Got ya I was unsure if you were supposed to adjust them. So guess I'll live with this humped up floor. I live about a mile off mississippi river by saint Louis in a low water table area. This area is prone to basement issues. An excess of an inch is a lot though. There were some cracked walls but they were repaired and are still holding up decently. I believe the house may still be settling too. Thats why I wonder if I need to adjust this thing or ride it out until something more other than this hump appears.


----------



## woodworkbykirk (Sep 25, 2011)

Jackofall1 said:


> Hello and Welcome Jlynn024, to the best darn DIY'r site on the web.
> 
> Sounds like whoever built this place forgot about doubling the bottom plate.
> 
> ...



doubling hte bottom plate???? how would that affect it.. bottom plates dont have to be doubled. top plates do to lock walls together at corners. the only time bottom plates get doubled is when the wrong size studs are sent and you need the extra 1 1/2" so the studs sent can be used


----------



## jomama45 (Nov 13, 2008)

Jlynn024 said:


> I ran a rope end to end on the beam with a 2x4 spacer on each end. The result is the beam is actually bowed from the house settling and the support Collums never being adjusted. There is no way to adjust its just a solid pipe. So what I believe I have is the Collums are actually pushing up as the rest of the house has settled. Based upon what iv measured with the rope going end to end on the beam is about a 2 3/4 upward bow minus the 1 1/2 two by four which leaves me with an 1 1/4 of total house settlement. Does that sound like a lot? The house was built in 1965


A "rope" could easily sag that much, unless you have a nice strong thin line and a ton of pressure on it.................

My advise would to be to find a good mason line and clamp it on one end and have a helper hold it extremely tight on the other end while you measure the deflection to get a true measurement..........


----------



## woodworkbykirk (Sep 25, 2011)

or a laser line its way more accurate


----------



## mae-ling (Dec 9, 2011)

Agree a rope could sag, best to use a mason or string line.
Attach it at each end, really hard to hold it tight.
A trick to tighten a string line is to take it and but the loop on a nail at the start, on the other end take and loop it around you finger them do a circle with your finger 4 or 5 times causing it to twist on itself. Put this loop over a nail then pull the string on itself and tighten it then wrap on the nail a few times.

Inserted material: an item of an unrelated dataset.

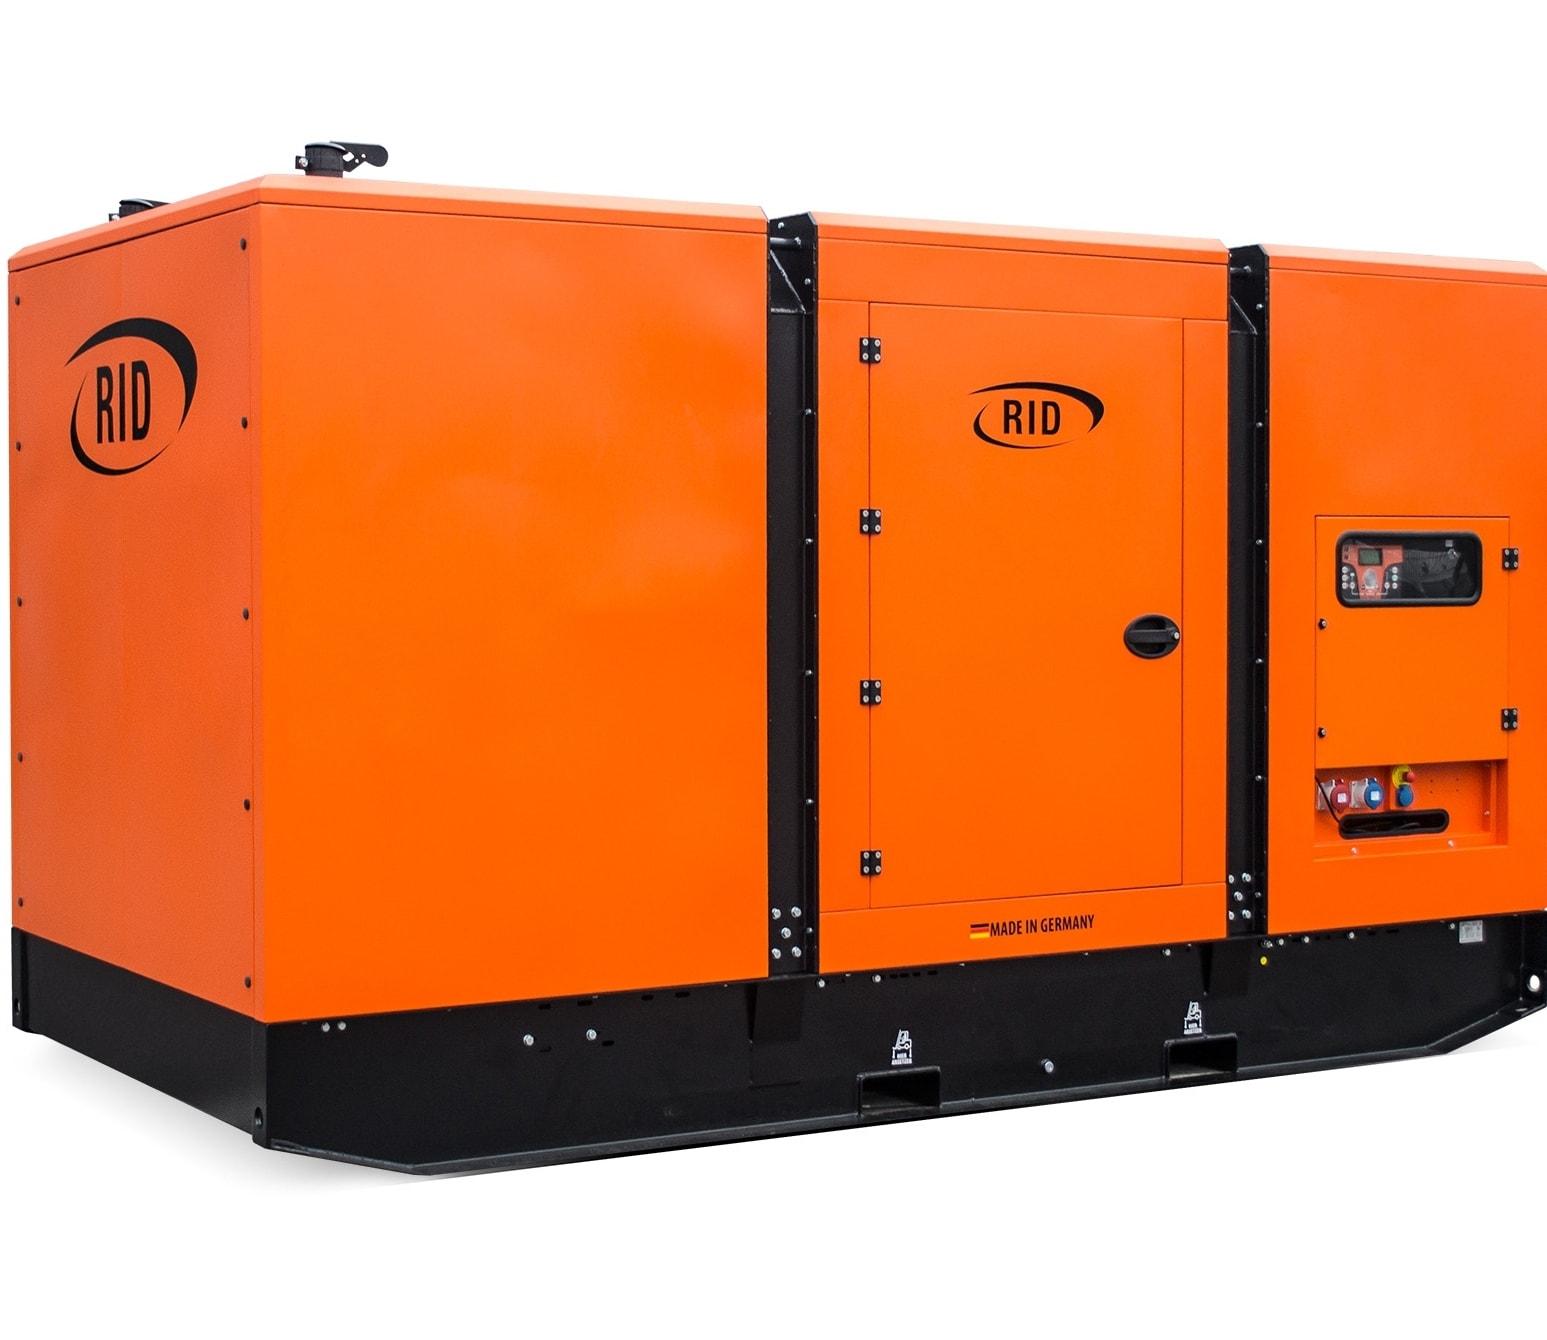 дизельная электростанция rid 400 b-series s

Maybe the house has settled but more likely the floor/pads have heaved where the posts are.


----------



## mae-ling (Dec 9, 2011)

woodworkbykirk said:


> or a laser line its way more accurate


Not every home owner has one and we built houses way before they came out.


----------



## Jackofall1 (Dec 5, 2010)

woodworkbykirk said:


> doubling hte bottom plate???? how would that affect it.. bottom plates dont have to be doubled. top plates do to lock walls together at corners. the only time bottom plates get doubled is when the wrong size studs are sent and you need the extra 1 1/2" so the studs sent can be used


I realize they don't have to be doubled, but if you set a beam wrong or the beam pocket was wrong, by 1 1/2" too high you could fix that by doubleing the bottom plate, thus bringing the floor level from the beam to the outside wall. Heh just a guess as I am not there, but the original post indicated being off 1-1/2" the beam being high in comparison the outside walls.

Mark


----------



## Daniel Holzman (Mar 10, 2009)

You need to conduct a careful, thorough level survey of your house. Using a rope is completely inadequate. Even a stringline is not too useful for a settlement survey. There are three tools that work very well for an accurate elevation survey of a house.

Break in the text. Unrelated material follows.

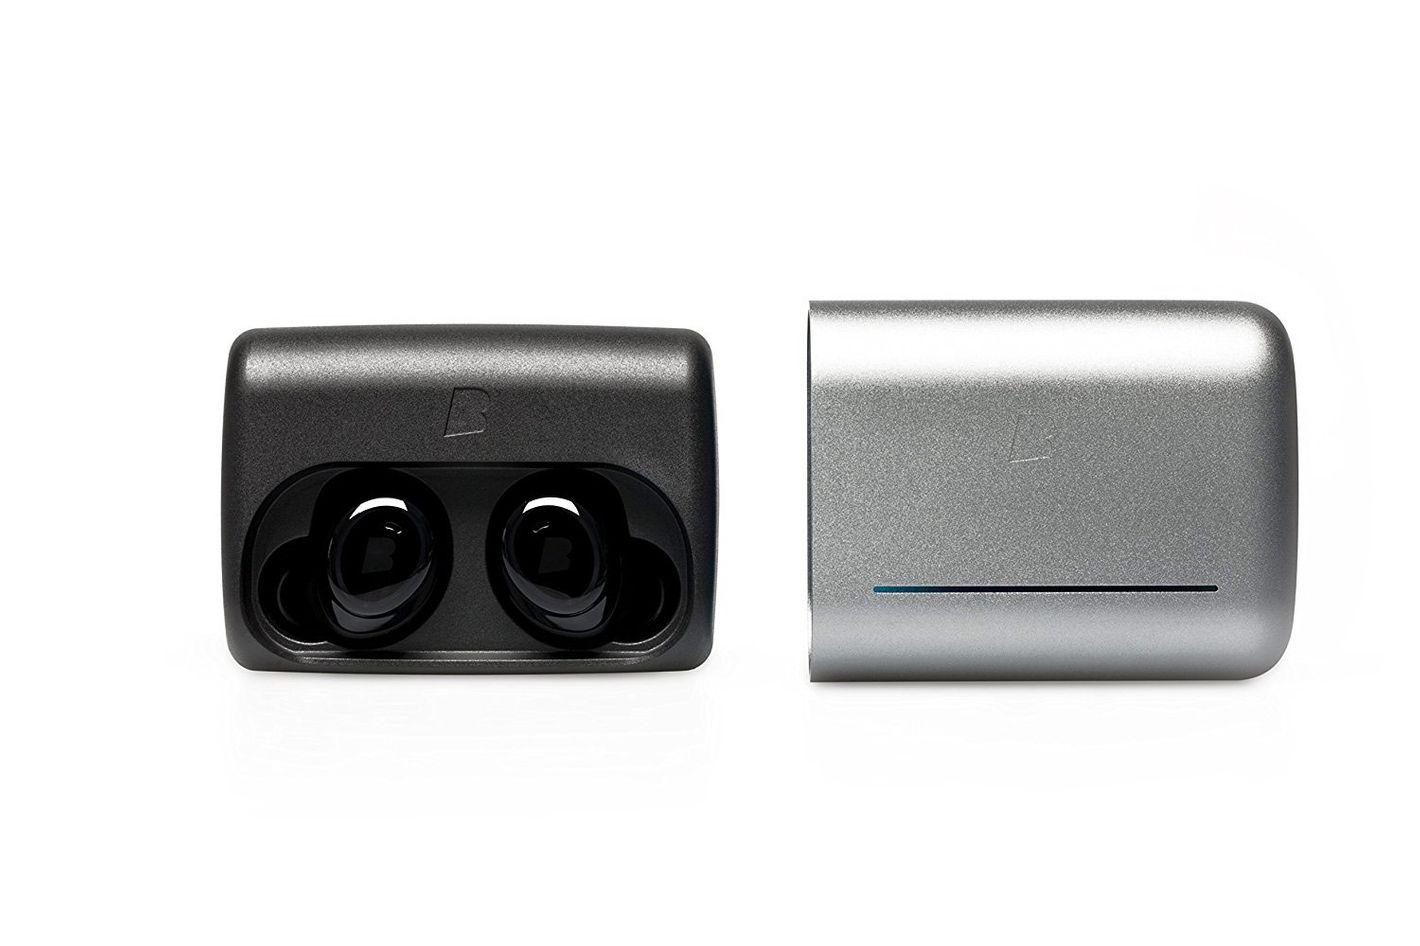 Bragi the Dash Pro With Alexa

The most common is a builders level, which can be purchased for somewhere around $500, or rented from most any rental store. You may need some instructions on how to correctly use the level, but they work very well.

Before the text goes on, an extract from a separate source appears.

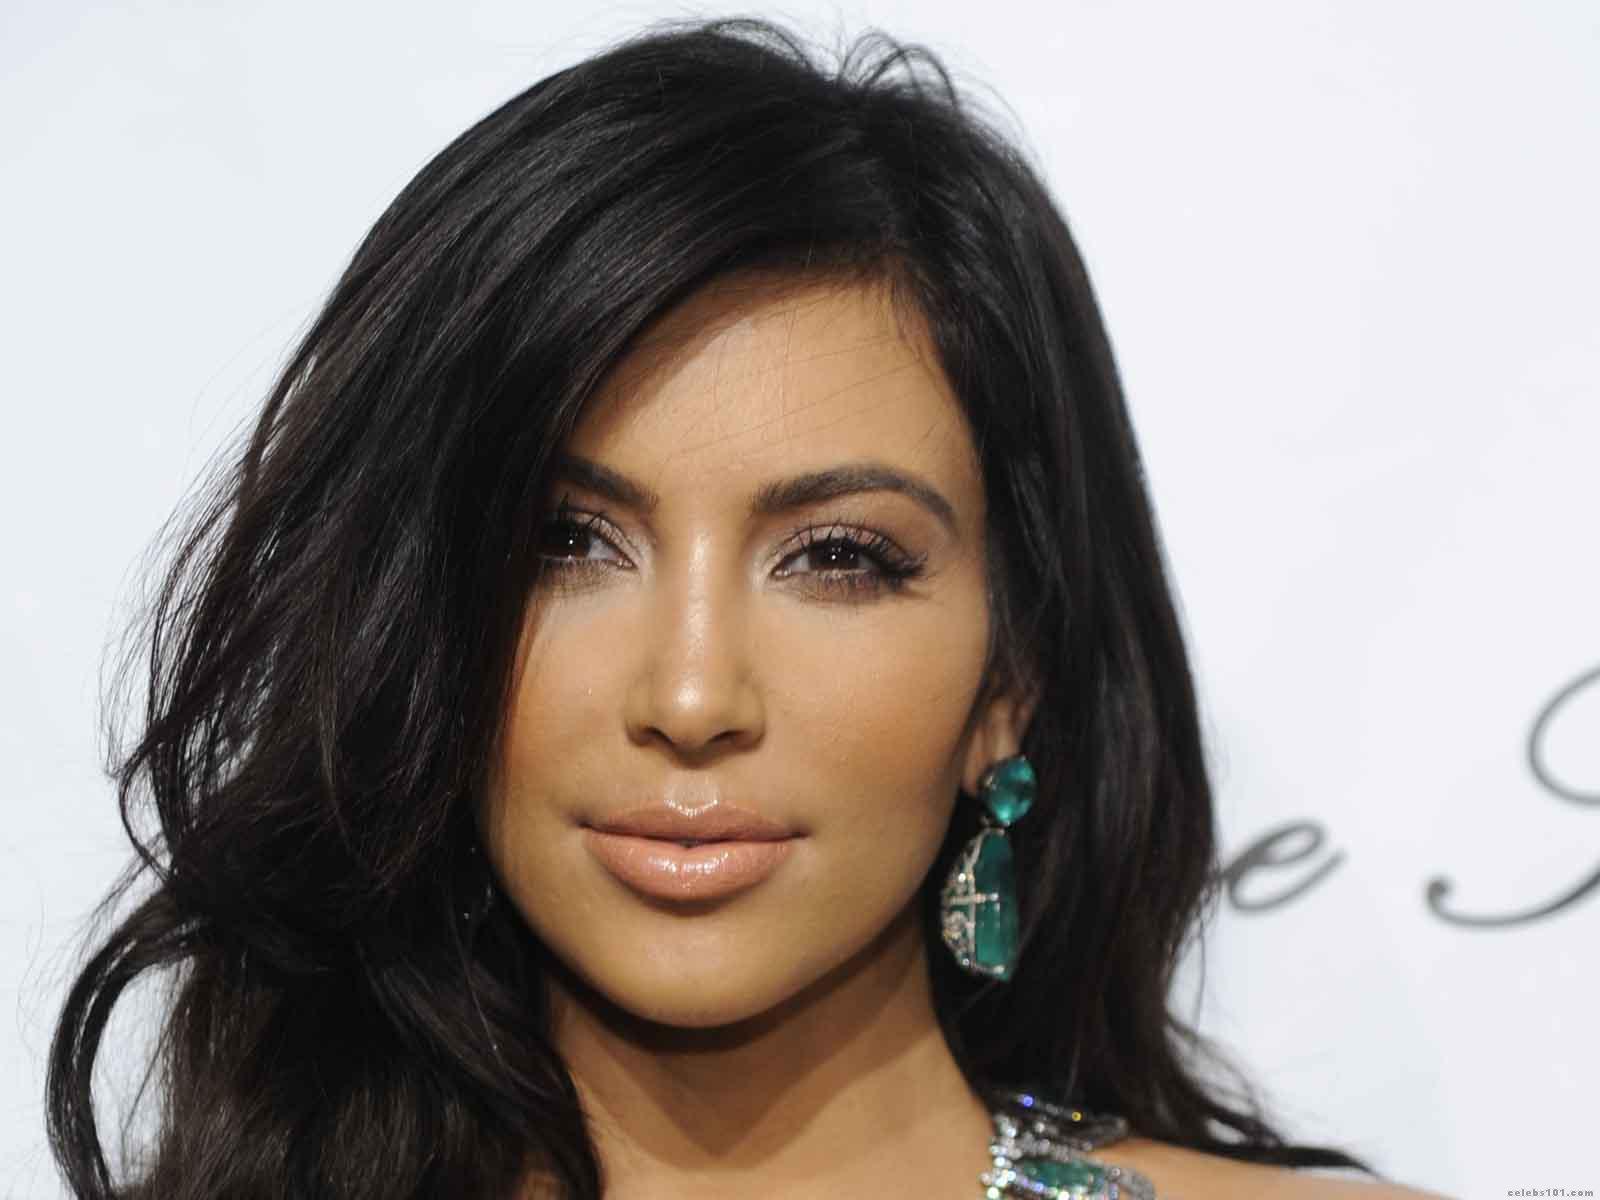 http://1.bp.blogspot.com/-ka6vYTEVLYw/TZHf3aSaLfI/AAAAAAAAAaw/3Aq1e8p2eM4/s1600/Kim_Kardashian_Wallpaper.jpg

An alternative is a laser level, which can be fixed or rotating. I picked up a pretty good one for under $100 at a big box store, they work nicely, and they are easy to use.

A third option is a fluid level, which can be purchased for typically under $500, or rented at some big box stores.

The objective is to make accurate measurements throughout the basement, around the foundation both inside and out, and on the first floor. Measuring up from the basement tells you nothing, as has been pointed out the basement may be out of level.

Once you have performed a careful survey of the whole house, you will be able to determine if the house is settling, and if so whether it is settling unevenly. You can also determine if the beam is level, and if not, how far out of level. A steel beam deflecting as much as you suggest would be catastrophic, and it seems unlikely. My guess is the rope technique was not precise.


----------